Haystack is deepset's open-source framework for building LLM applications and RAG pipelines out of composable components. sqlite-vec is a pure-C SQLite extension that adds vector search to any SQLite database. This package connects the two.
Most Haystack document stores are backed by a server process. This one is a single SQLite file: nothing to run, nothing to configure, and the indexed corpus can be copied to another machine or device as-is. That makes it a good fit for local-first applications and on-device RAG. sqlite-vec is the successor to the deprecated sqlite-vss and runs anywhere SQLite runs.
pip install sqlite-vec-haystackThis pulls in haystack-ai>=2.27.0 and sqlite-vec>=0.1.6 automatically.
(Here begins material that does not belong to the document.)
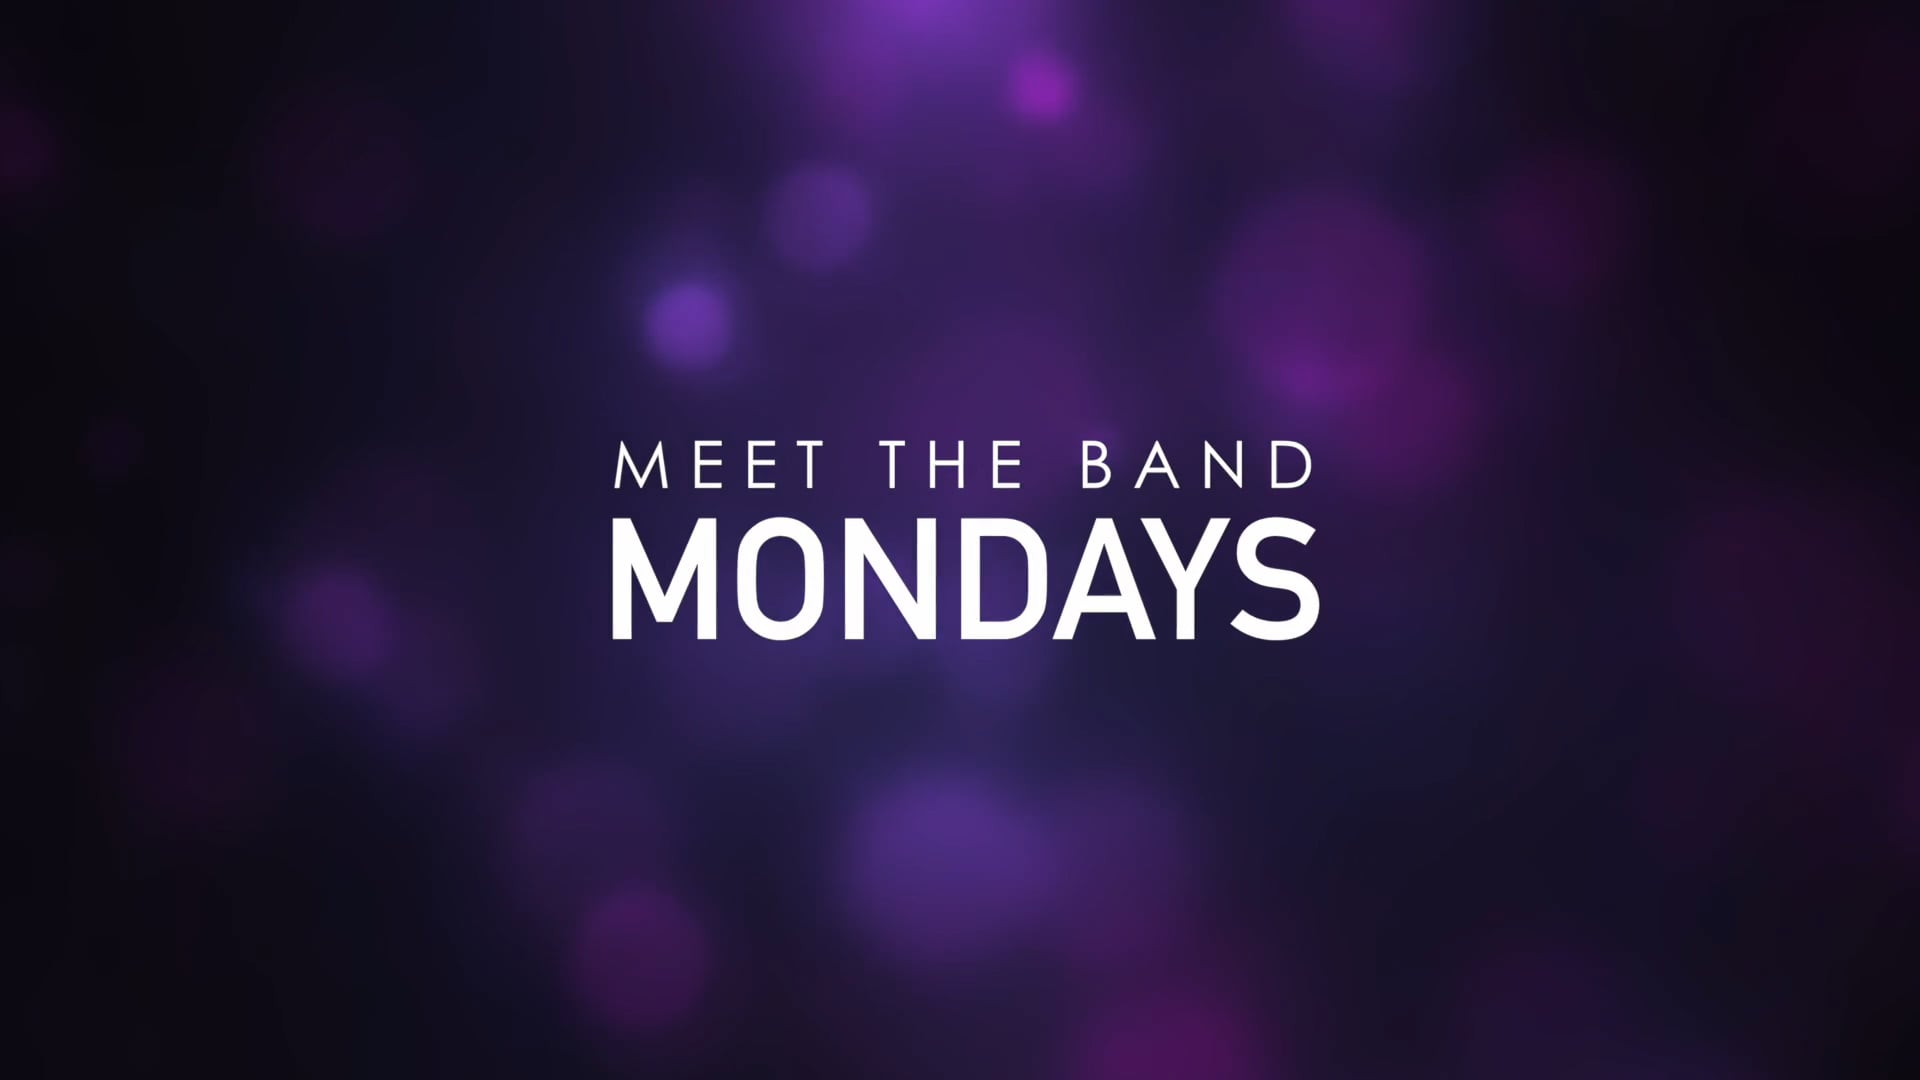 Meet The Band Mondays

from haystack import Document, Pipeline
from haystack.components.embedders import (
SentenceTransformersDocumentEmbedder,
SentenceTransformersTextEmbedder,
)
from haystack.document_stores.types import DuplicatePolicy
from haystack_integrations.components.retrievers.sqlite_vec import SQLiteVecEmbeddingRetriever
from haystack_integrations.document_stores.sqlite_vec import SQLiteVecDocumentStore
# 1. Set up the store
store = SQLiteVecDocumentStore(
db_path="corpus.db",
embedding_dim=384,
distance_metric="cosine", # "cosine" | "l2" | "dot"
)
# 2. Index documents (embedding is produced upstream by any Haystack embedder)
doc_embedder = SentenceTransformersDocumentEmbedder(model="sentence-transformers/all-MiniLM-L6-v2")
doc_embedder.warm_up()
docs = doc_embedder.run([Document(content="Berlin is the capital of Germany.")])["documents"]
store.write_documents(docs, policy=DuplicatePolicy.OVERWRITE)
# 3. Retrieve via a Haystack pipeline
text_embedder = SentenceTransformersTextEmbedder(model="sentence-transformers/all-MiniLM-L6-v2")
retriever = SQLiteVecEmbeddingRetriever(document_store=store, top_k=5)
pipeline = Pipeline()
pipeline.add_component("text_embedder", text_embedder)
pipeline.add_component("retriever", retriever)
pipeline.connect("text_embedder.embedding", "retriever.query_embedding")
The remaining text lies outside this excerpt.